Honestly, I’ve never actually watched any of the gore/mayhem that comes with Shark Week. But then I only  got cable a couple of years ago, and it was basic BASIC cable. But, in honor of the phenomenon, here are some great shark books to share during the commercials.

  • Shea, Bob. I’m a Shark!Shark is pretty proud of his scary-making

    Shark says "hey!"

    skills. But don’t tell him if a spider’s nearby.

  • Geist, Ken.
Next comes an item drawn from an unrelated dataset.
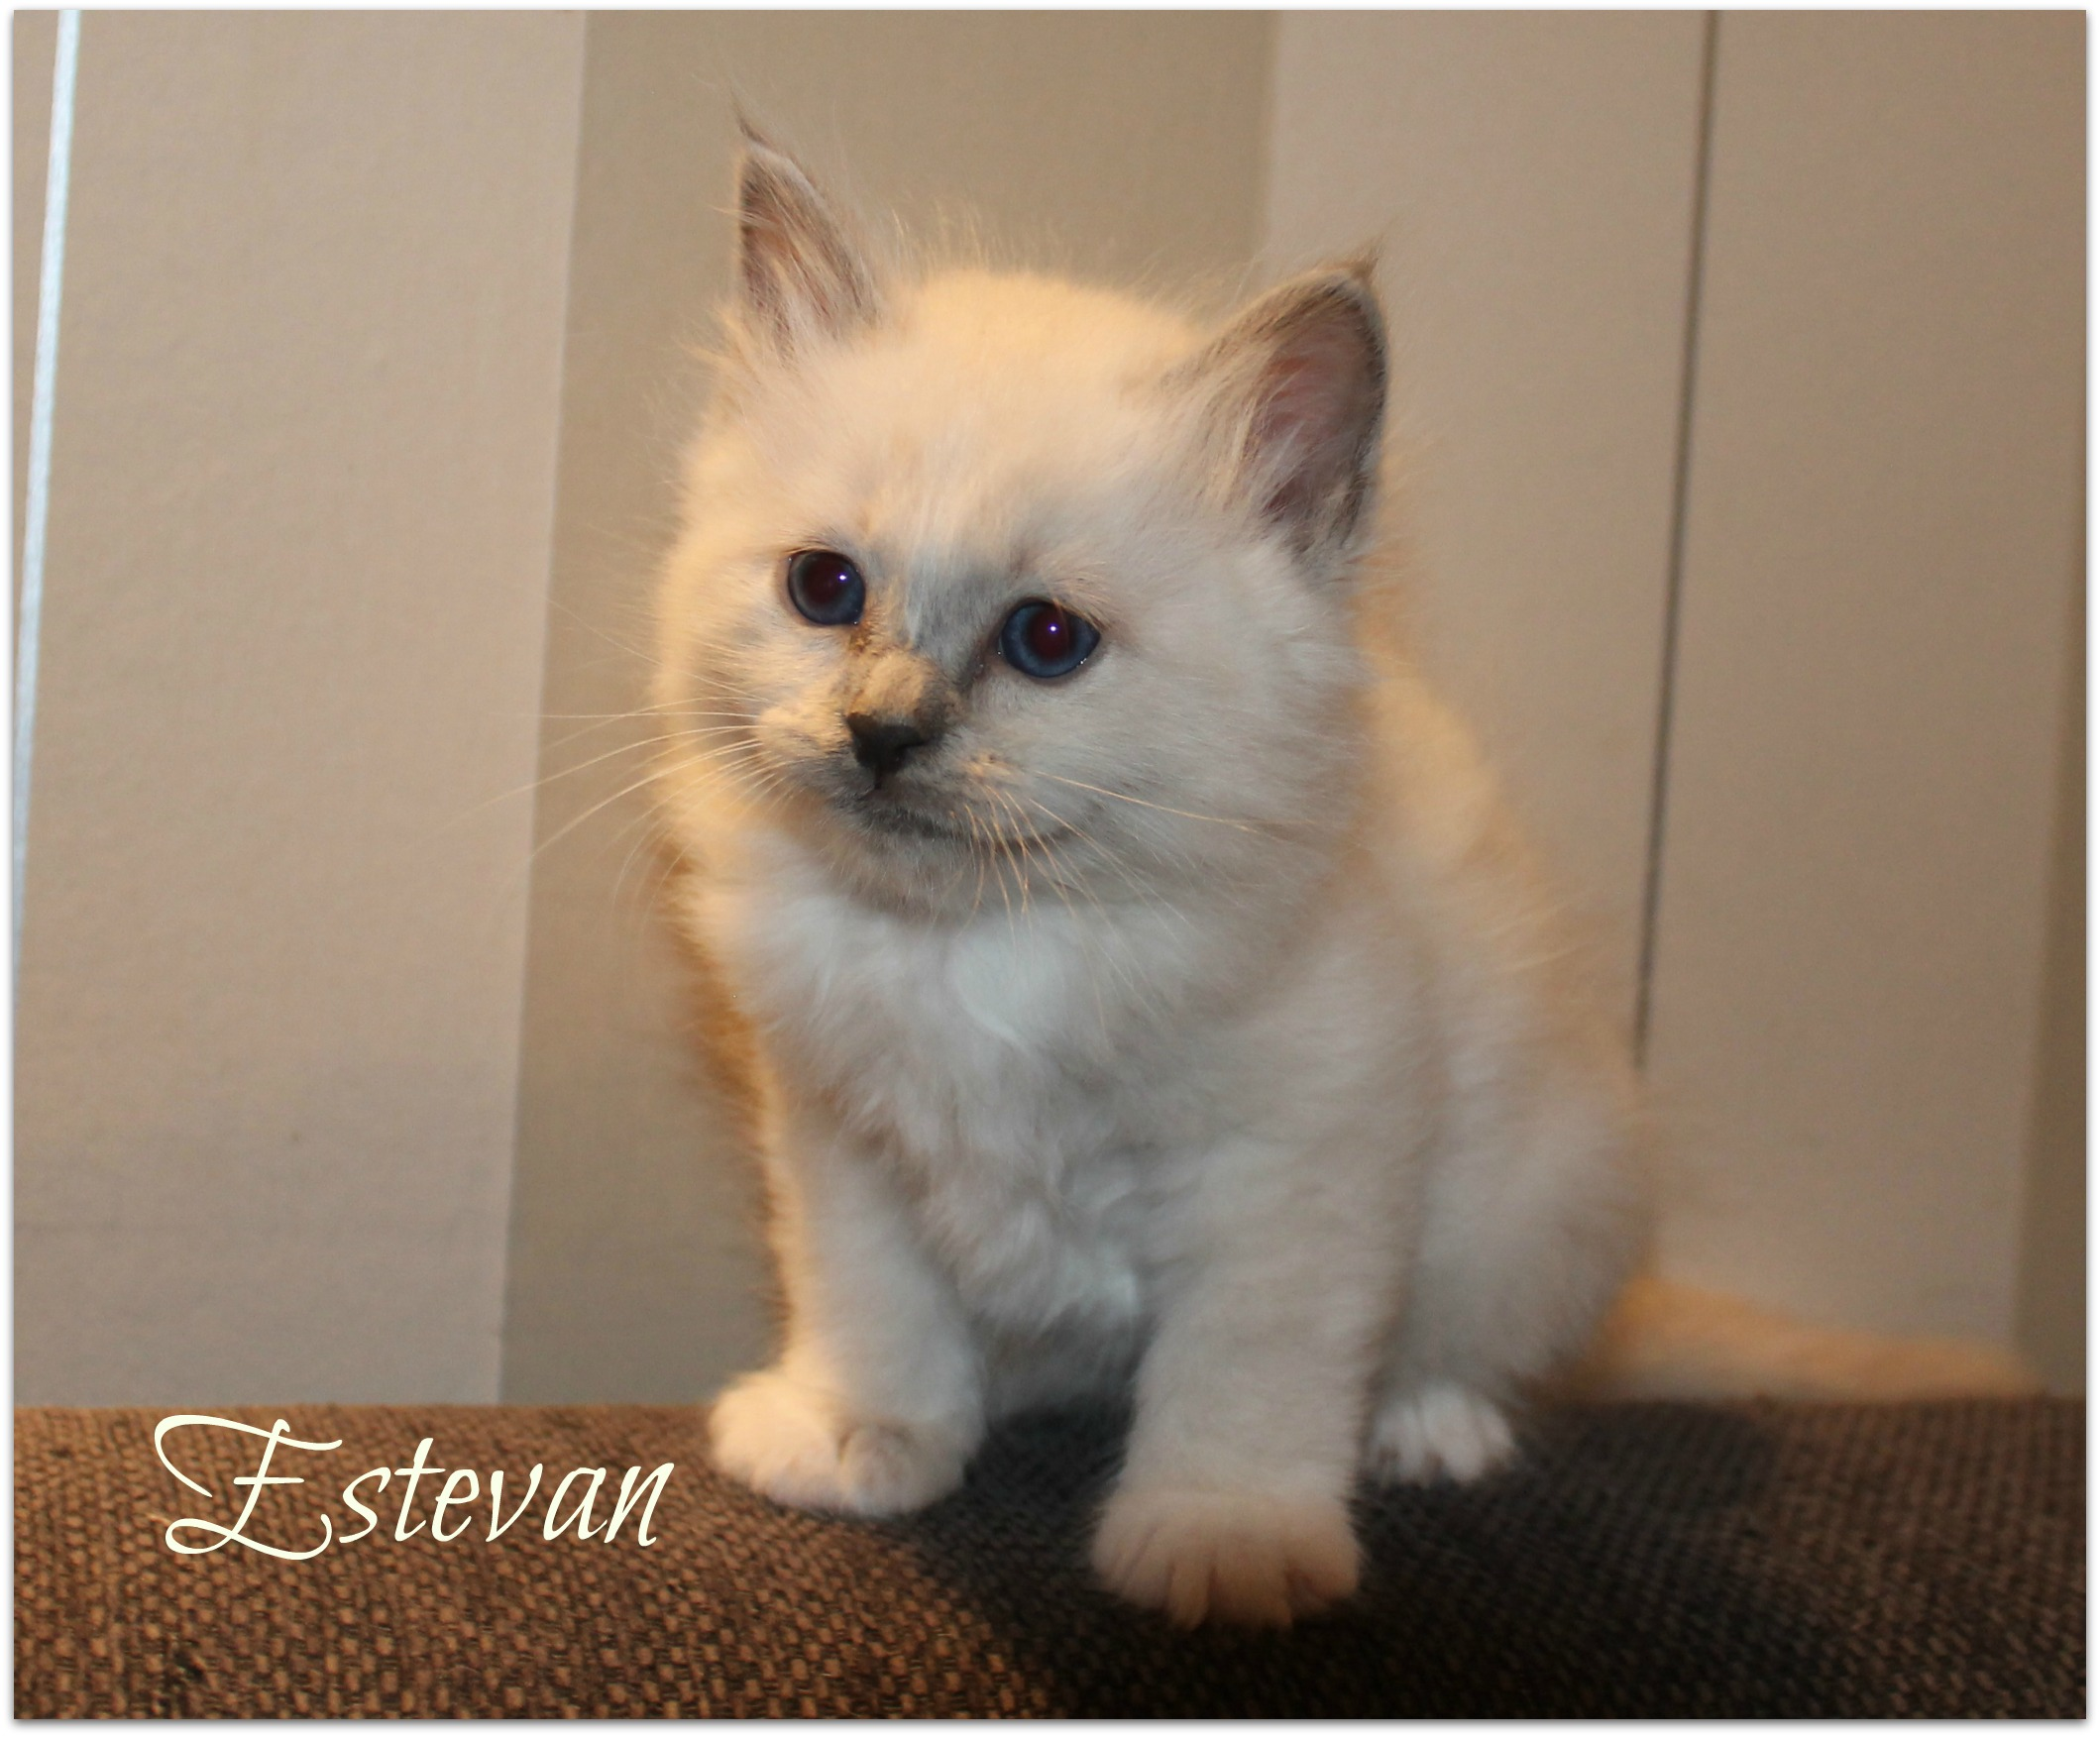 estevan_0

The Three Little Fish and the Big Bad Shark. Will shark chomp through the house made of seaweed? You betcha. The house made of coral? Of course. But the sunken ship house? Hmmm…
  • Peck, Jan. Way Down Deep in the Deep Blue Sea. The kids joined in on the “swim away” refrain. Lots of sea creatures, but the shark really gets noticed!
  • Schwarz, Viviane. Shark and Lobster’s Amazing Undersea Adventure. Not really a storytime share, because of the cartoon-panel illustrations, but super funny and a good one-on-one book. What scares shark? Besides spiders, I mean. Tigers, of course!
  • Barton, Chris. Shark vs. Train. A picture-book version of “anything you can do, I can do better.” But really, they’re both good at stuff.
  • Arnosky, Jim. Gobble It Up! a fun song about eating. What would you eat if you were a shark? It may seem gross to you, but if you were a shark, well, you’d gobble it up! (Also includes whales, raccoons, pandas, and others…).

What are your sharkey favorites, for storytime or otherwise? We’ll eat ’em up!